— Exercise directions —
Could the data below be copied exactly, minus the pictures?

— Dataset extract —

_ _ _ _ _ _ _

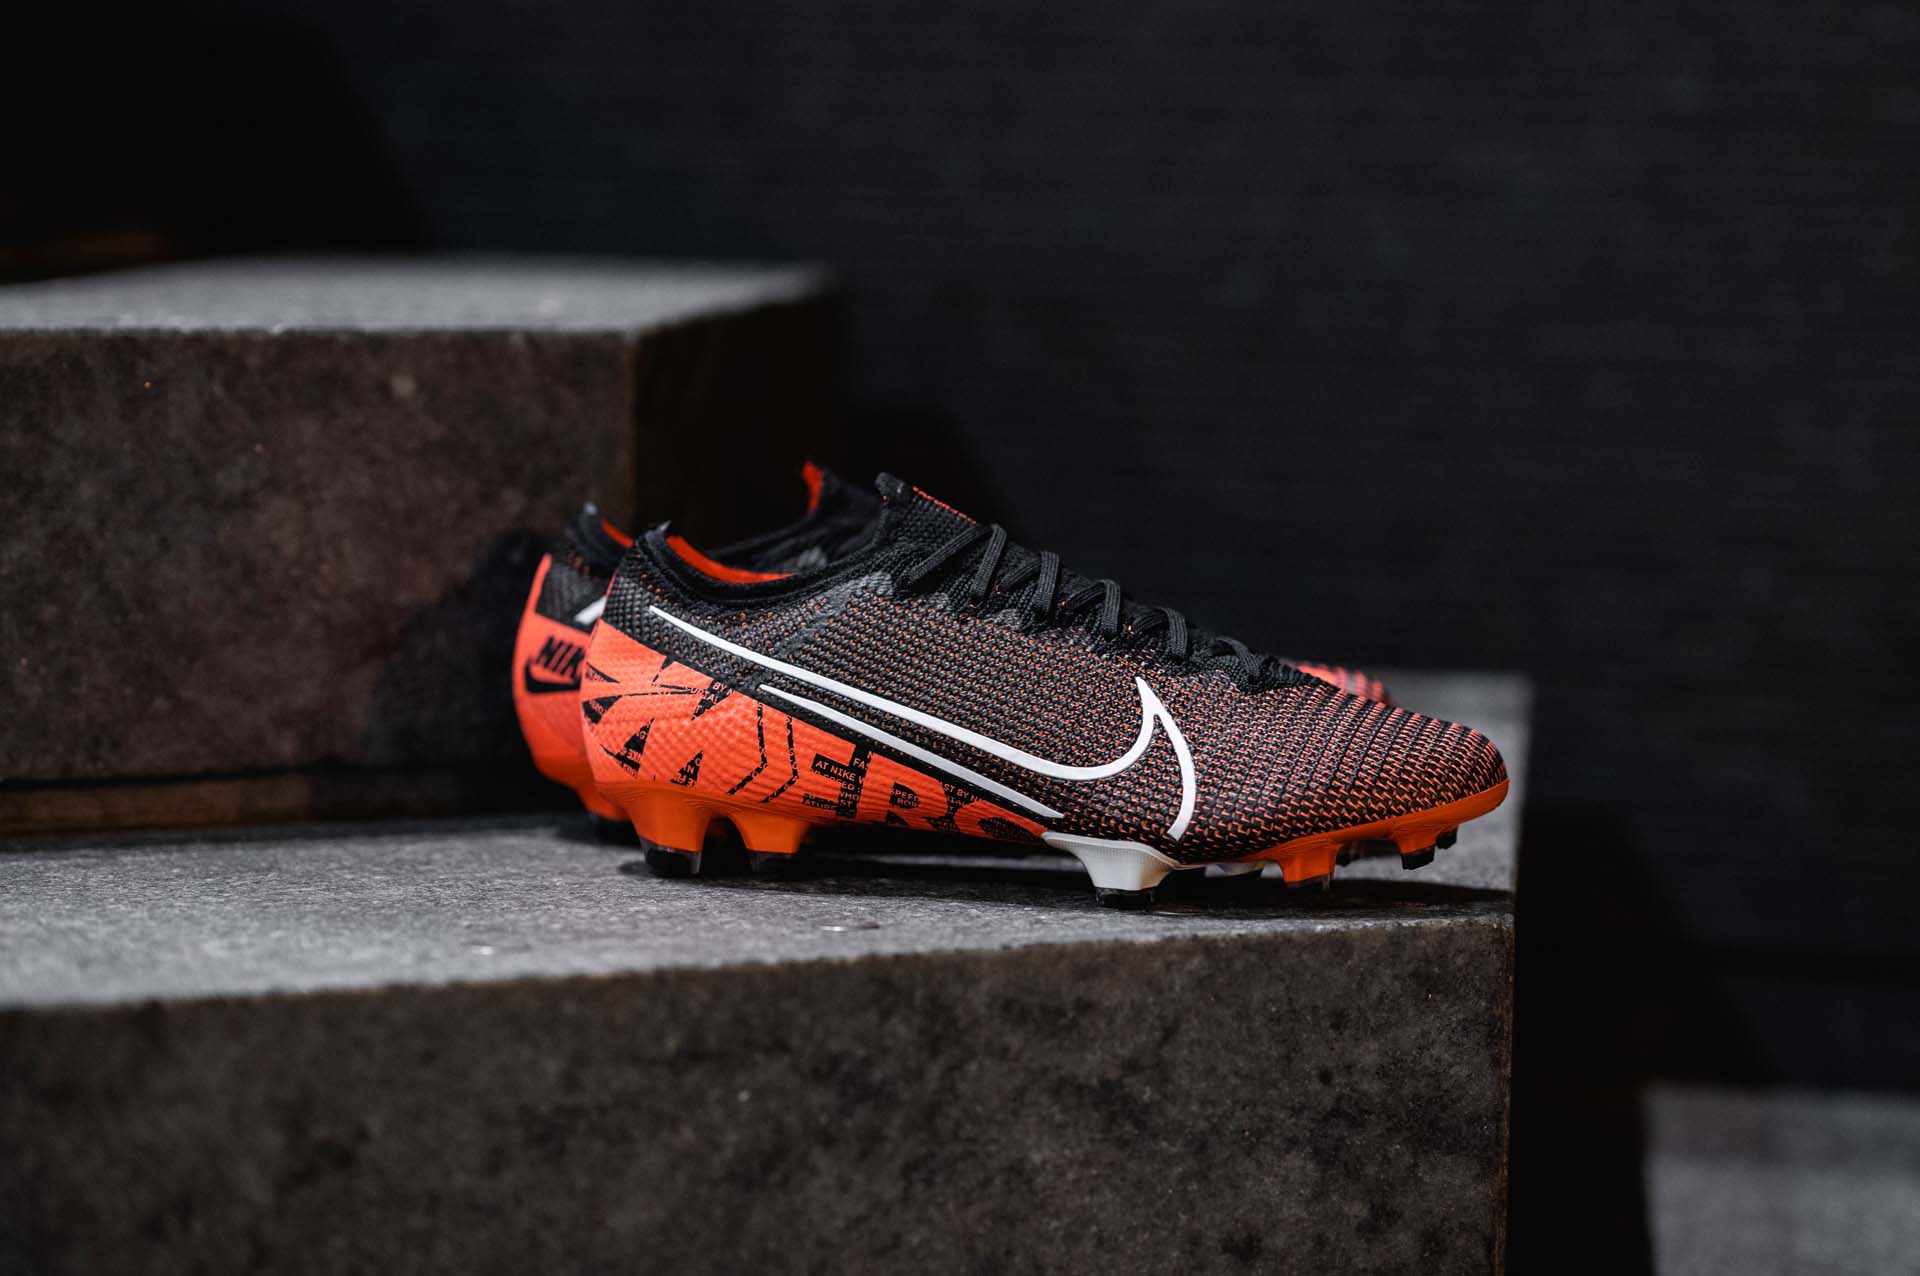 Vẻ đẹp của giày đá bóng chính hãng Nike Mercurial Vapor XIII màu đen cam
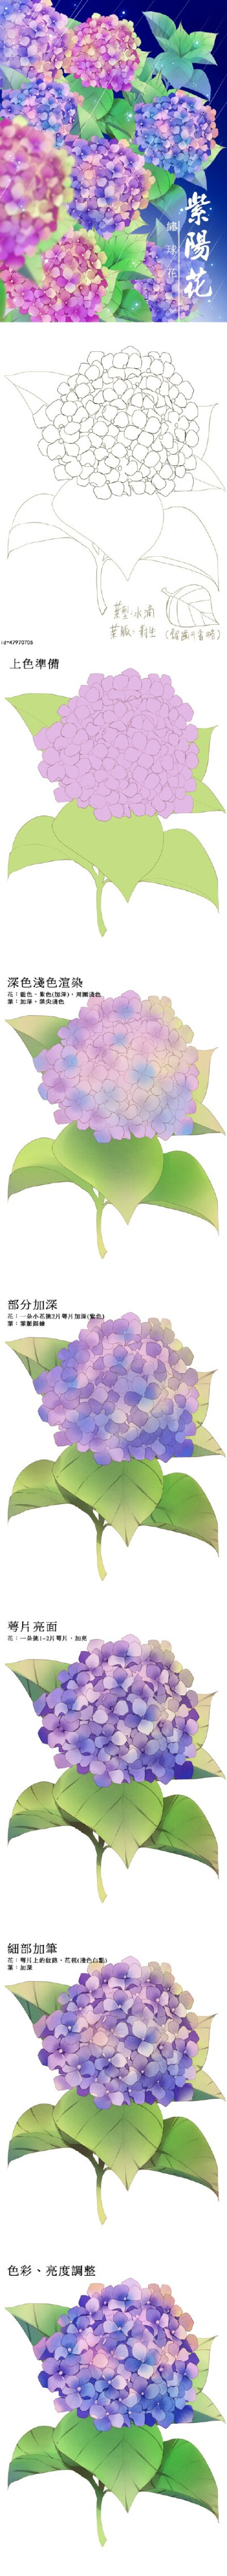 【via微博 SAI资源库】绘师moiy的花卉教程合集 紫阳花
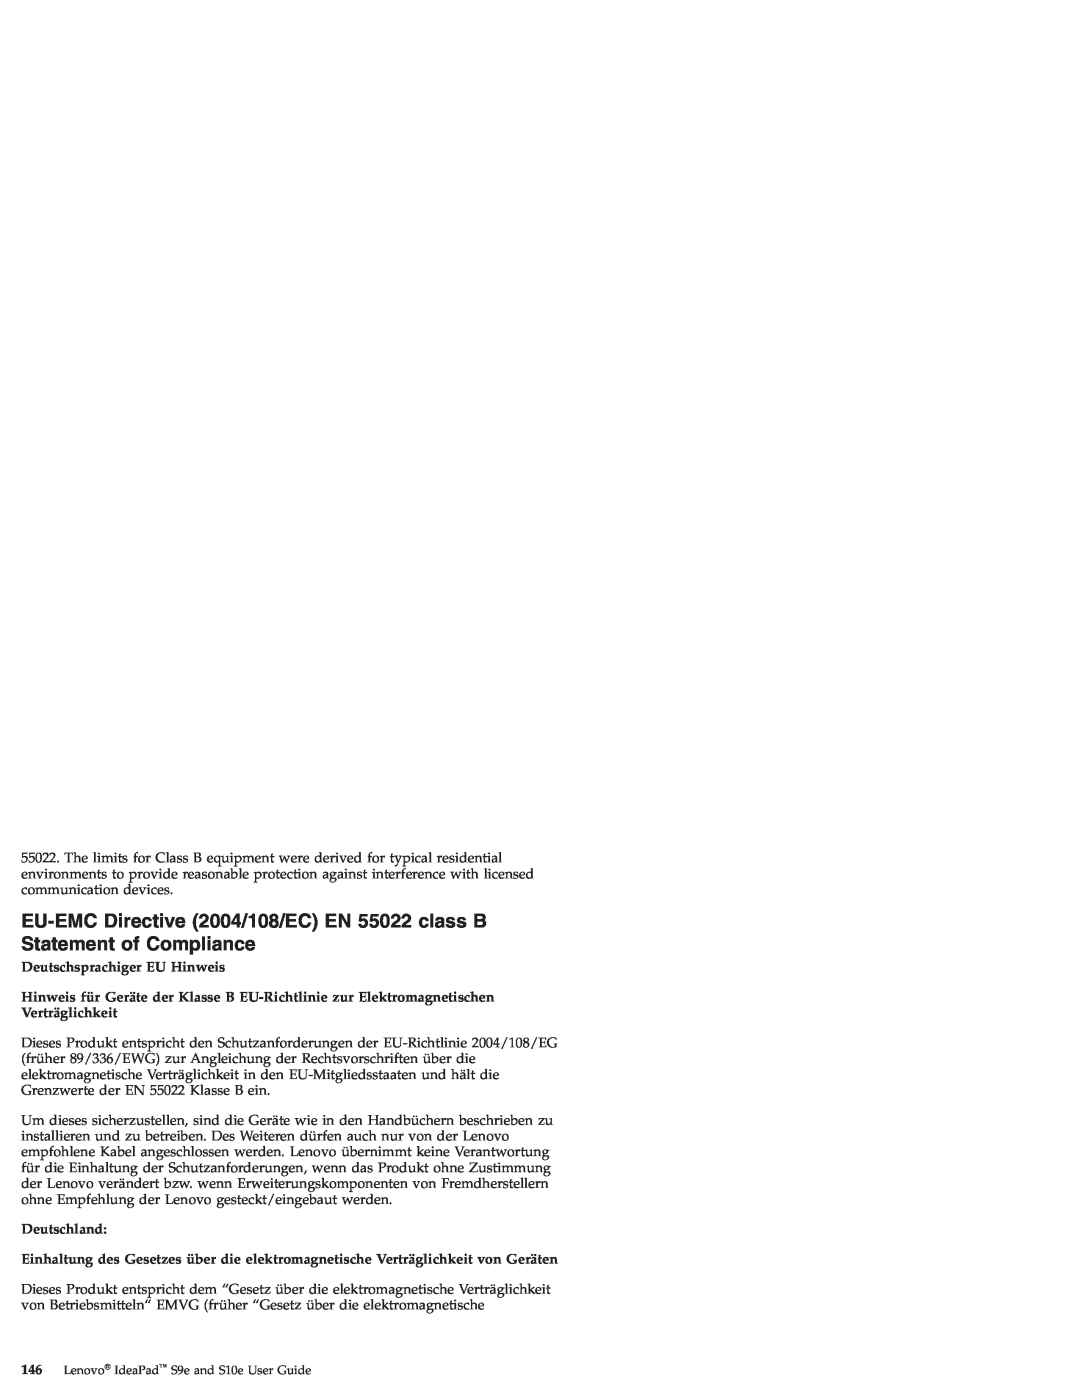 Lenovo S10E, S9E manual EU-EMC Directive 2004/108/EC EN 55022 class B Statement of Compliance, Deutschsprachiger EU Hinweis

_ _ _ _ _ _ _

— Exercise output —
 Vẻ đẹp của giày đá bóng chính hãng Nike Mercurial Vapor XIII màu đen cam
 【via微博 SAI资源库】绘师moiy的花卉教程合集 紫阳花
 Lenovo S10E, S9E manual EU-EMC Directive 2004/108/EC EN 55022 class B Statement of Compliance, Deutschsprachiger EU Hinweis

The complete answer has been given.